Hi everyone, my name is Nikki. I'm 22 and I've been with my fiancé for 5 years. We recently became convinced that his sister has BPD. She had always done things that disturbed me in their level of irresponsibility and selfishness, but my fiancé always just told me she was very spoiled and manipulative.
But about a month ago I became the target of her outlandish rage. It started on Facebook. Apparently there was a post on my fiancé's page written by his friend stating that a particular political point of view was "cowardly". His sister just so happened to believe the so-called "cowardly" point of view. Now I occasionally make political posts on my Facebook and clearly she'd seen the ones where I expressed a different point of view from hers on the subject, but I had nothing to do with my fiancé's friend's rant. All I knew is that one day she posted 4 pictures on my wall from her political pages expressing her views. At first I was really baffled (one of them said "Hitler get 6 million people to follow him blindly? Then I realized I'm in America." What does that even mean?), but I figured she must be trying to get on my nerves for some reason. So I decided to "kill her with kindness" and respond to each one in the nicest way possible while explaining why I disagree. I told her I enjoyed discussing politics and that I hoped we could learn from each other. She responded with different variations of "it's cute how naive you are

" and told me I was a "sheep who believes whatever the media tells me" and etc. I responded by telling her that I was interested in hearing her opinions but I wasn't going to talk to her if she just wanted to be angry and call me names.
This is when the s hit the fan. She said she never called me names and that I was the one who called her a coward. I had NO IDEA what she was talking about. I was worried she was on drugs so I texted her mom (with whom she lives) to ask if she was ok because she was posting weird things on my Facebook that didn't make sense.

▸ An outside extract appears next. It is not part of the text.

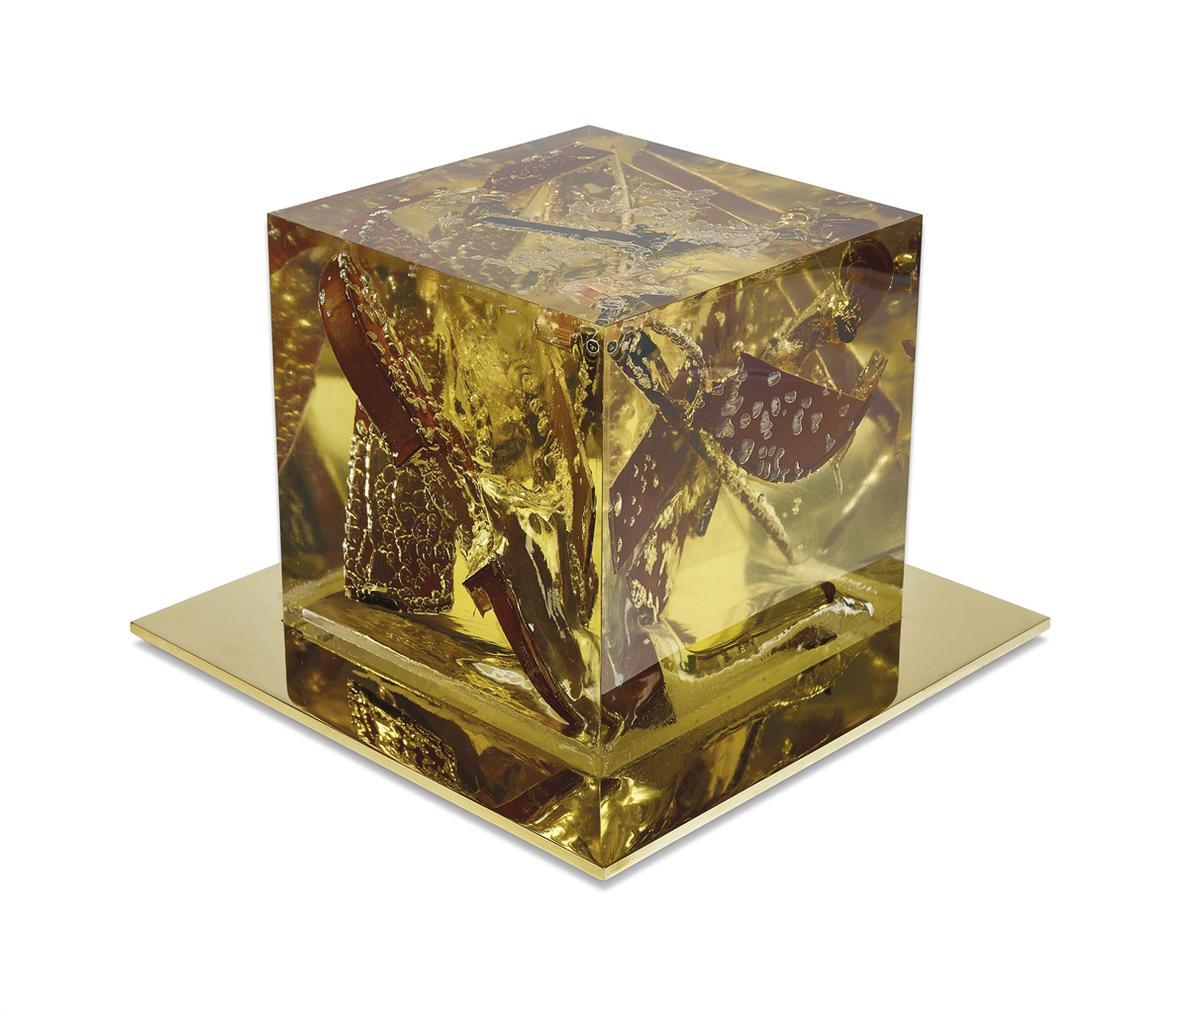 Arman-Colere En Cube-1971

She said she was fine but under a lot of stress. My future sister in law then sent me a private message saying all kinds of things about how I think I'm so much better than her and I have never cared about her and called me names like "know it all btch" and so forth. So I took screen shots to show my fiancé and blocked her. After I showed him he logged on to his Facebook and discovered a comment she left before she started things with me on that (month old) post saying things about how vegetarians don't know anything about the "real" world, when eating meat had nothing to do with anything. I am the only vegetarian around, so she clearly somehow thought she was talking to me.
He then saw her status saying, "A certain someone called me a coward for believing x and told me I was ignorant!" Her mother in law asked her what happened and she replied "I'll message you... . " So my fiancé posted telling her that she needed to pay attention to what she was doing because what she read was on HIS Facebook. So she did the only rational thing and blocked him and started to text us both constantly for over an hour. The texts she sent me were just a series of insults, and ironically demanding that I leave her alone despite the fact that I did not respond to a single one. The texts she sent him were mainly about how "blood is supposed to be thicker than water" and he loves me so much more than her and it's not fair because her life has been *so hard* while I have never had a real problem in my life.
After the smoke cleared he did some Internet research and discovered BPD. It explains everything, including behavior she displayed in childhood. My problem right now is how to move forward. I'm still hurt and angry because I feel like I can't go to family functions anymore, particularly because her in laws are at every one, and who knows what lies she told them about me (she went to stay with them for a few days while she was still upset because her mom wouldn't take her side 100%). I really want to be a part of my fiancé's family, but I don't know how to deal. Help?